Tuesday, October 27th, 2020

“I remind myself every morning: Nothing I say this day will teach me anything. So if I’m going to learn, I must do the listening” Larry king once said. Being a good listener is an essential skill in life, and serves as a guide for self personal growth. People often interpret success differently, listening encourages the success of harmony, empathy and conversation amongst one another. The gift of listening is about dominating the qualities of an effective listener and understanding its benefits. 

Drobot, Dean. “Active Listening” 2017, https://www.css.de/blog/2017/03/01/active-listening-active-listening-improve-your-communication-and-build-positive-relationships/. Accessed 26 Oct 2020.

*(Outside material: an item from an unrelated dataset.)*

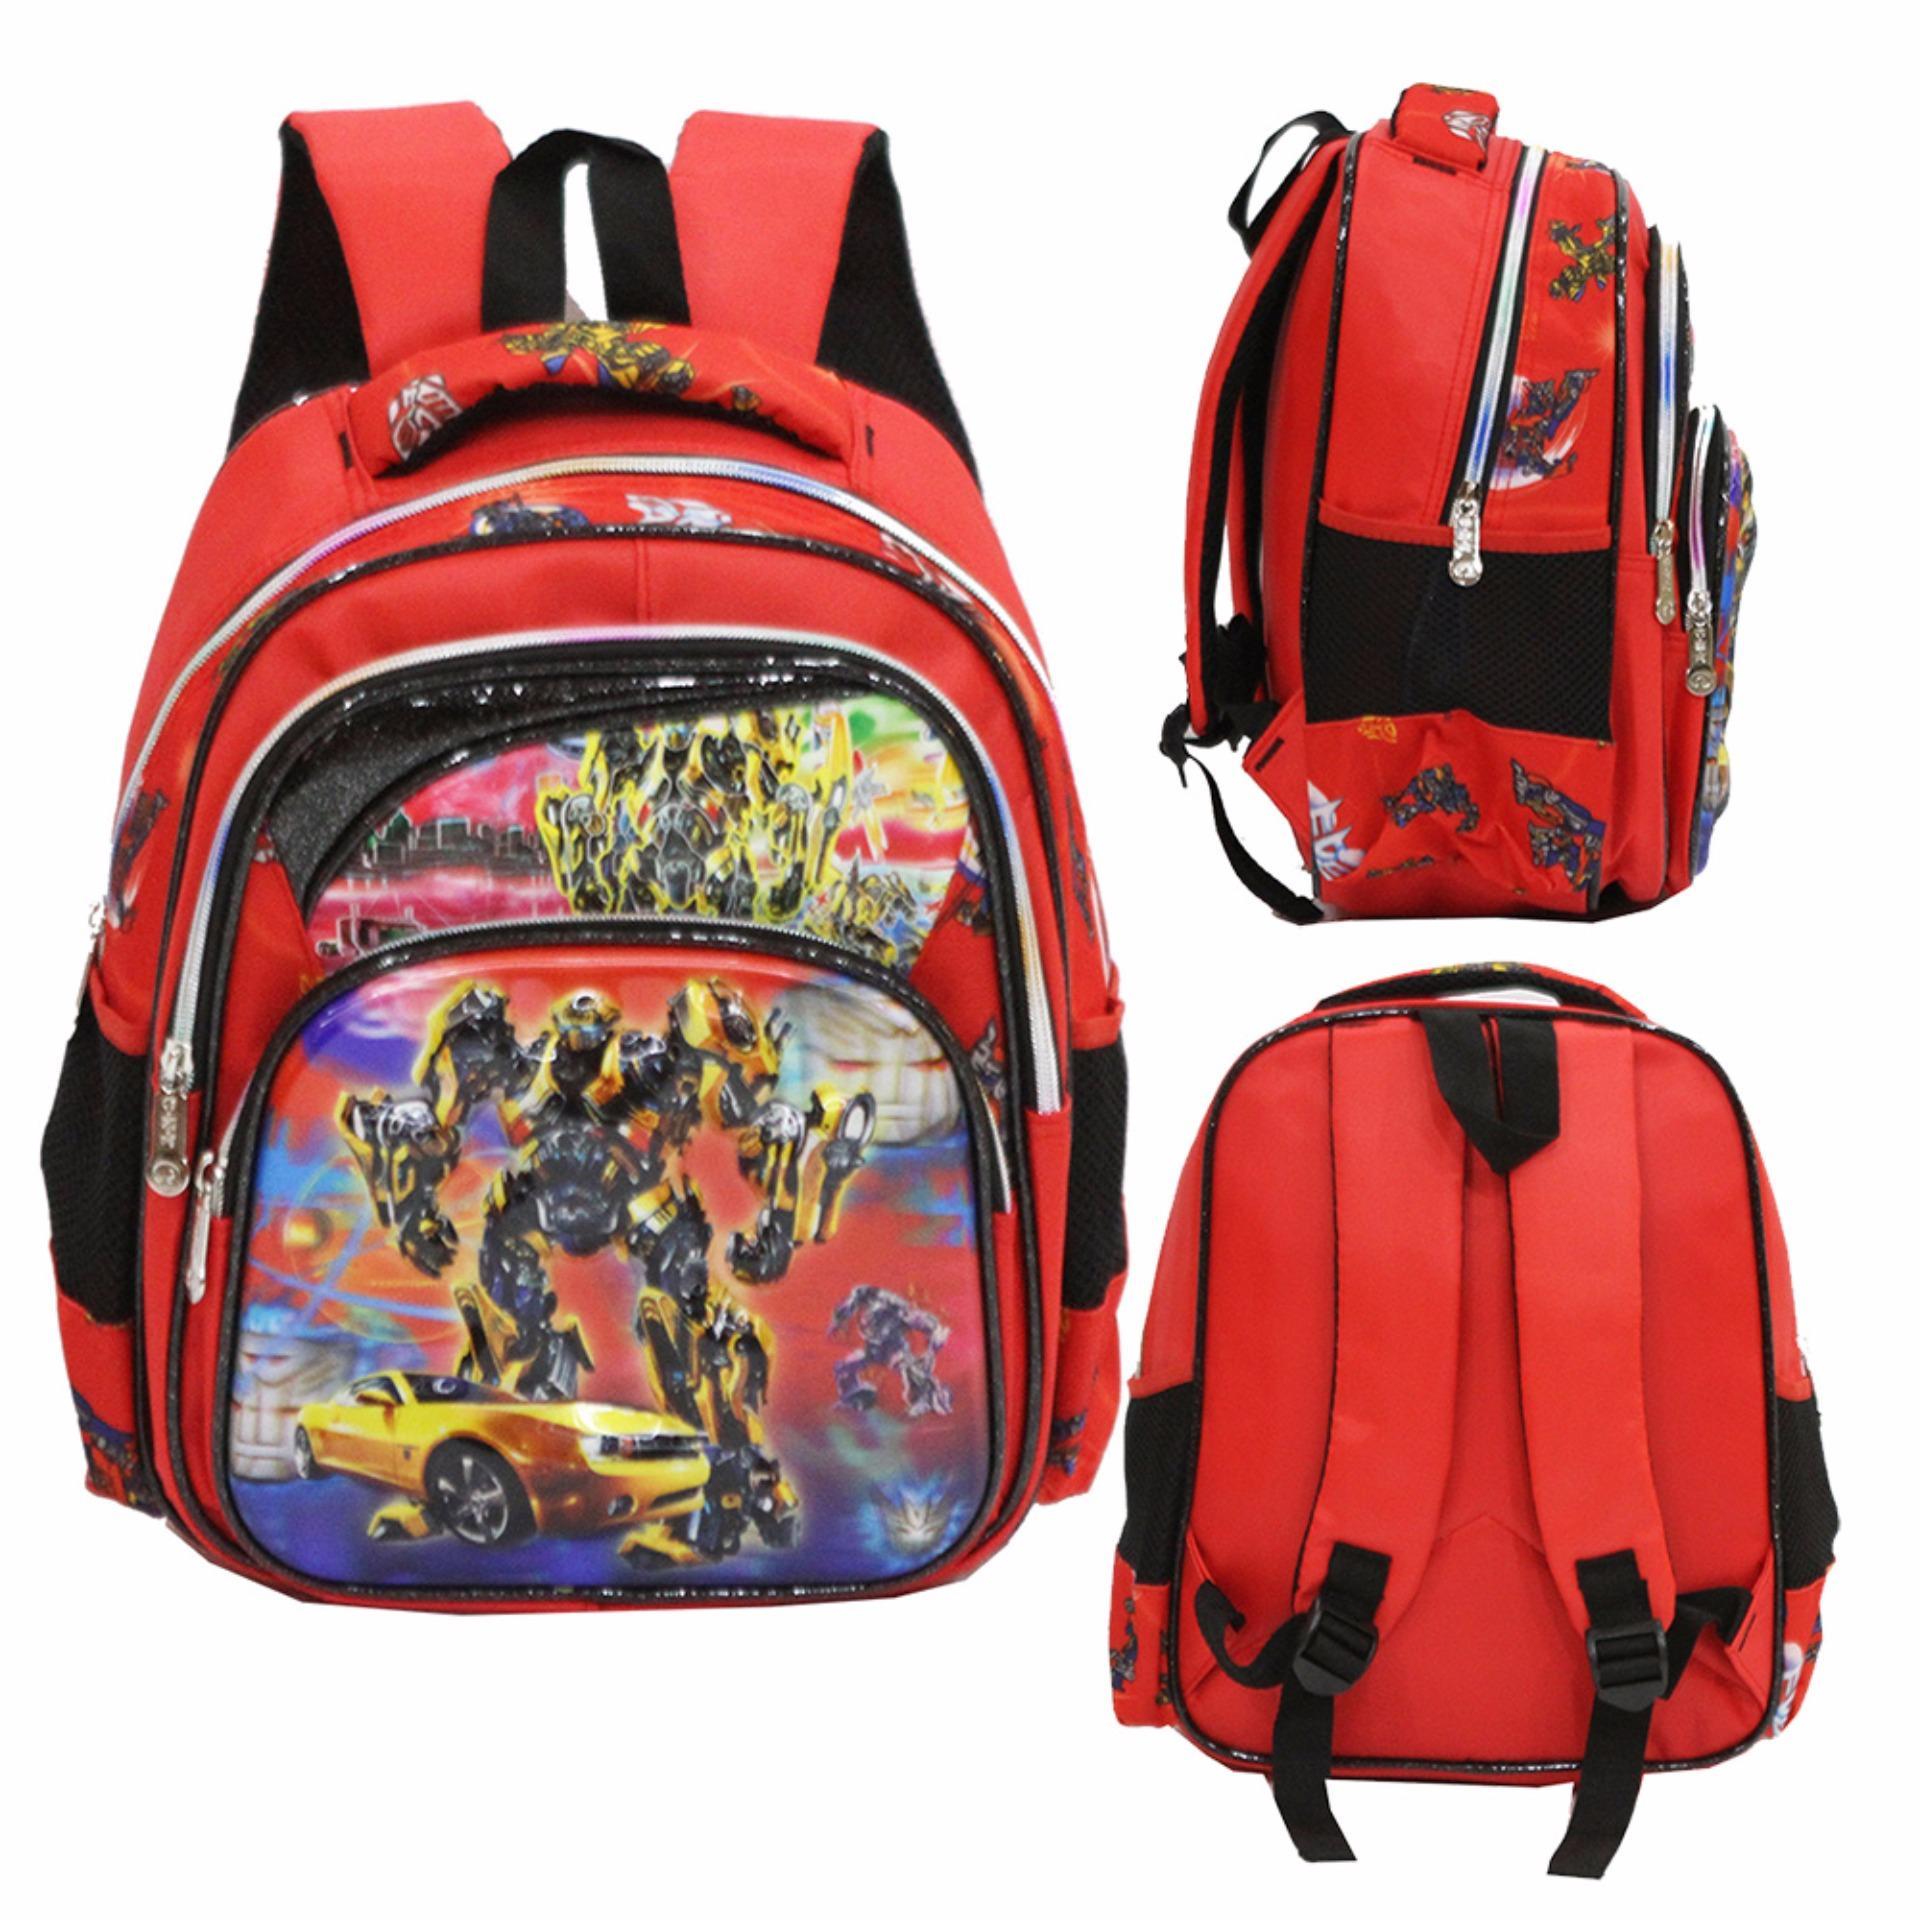 Spesifikasi Onlan Transformers 5D Timbul Hologram Tas Ransel Anak Sekolah Tk Ada 3 Kantung Import Red Lengkap

Every day we are required to be attentive and to listen. In the workplace or career path, it plays an important role in self-improvement and it is vital to success. Nathalie De Joya, a student attending Hunter College, majoring in Nursing conveys the power of listening as a health care worker. “Being a good listener is imperative in nursing. The art of nursing highlights the care we give to our patients that foster meaning and relationship”(De Joya) It is a good experience and self-rewarding to not only the nurse but to the patient receiving the acknowledgment that they deserve. One of the biggest emphasis of nursing is that we should always give patient-centered care and being a good listener is definitely something you need to achieve this” (De Joya). A nurse requires skills such as being active and having full concentration. In fact, these skills are tools that allow nurses to work collaboratively with their patients. Patients want to be understood, and feel in the right hands, it helps establish a good relationship with their nurse if communication is effective. I, myself hadn’t realized how much listening revolves around nurses accomplishing their job. Through this interview with Nathalie I’ve learned that being a nurse is much more than studying medicine and a Bachelor’s degree, it goes far beyond that horizon. To be successful in the field, you must instill trust and be empathetic, listening is key. In addition, it opened my mind to learn about new ideas and the different functions of every role within the workplace.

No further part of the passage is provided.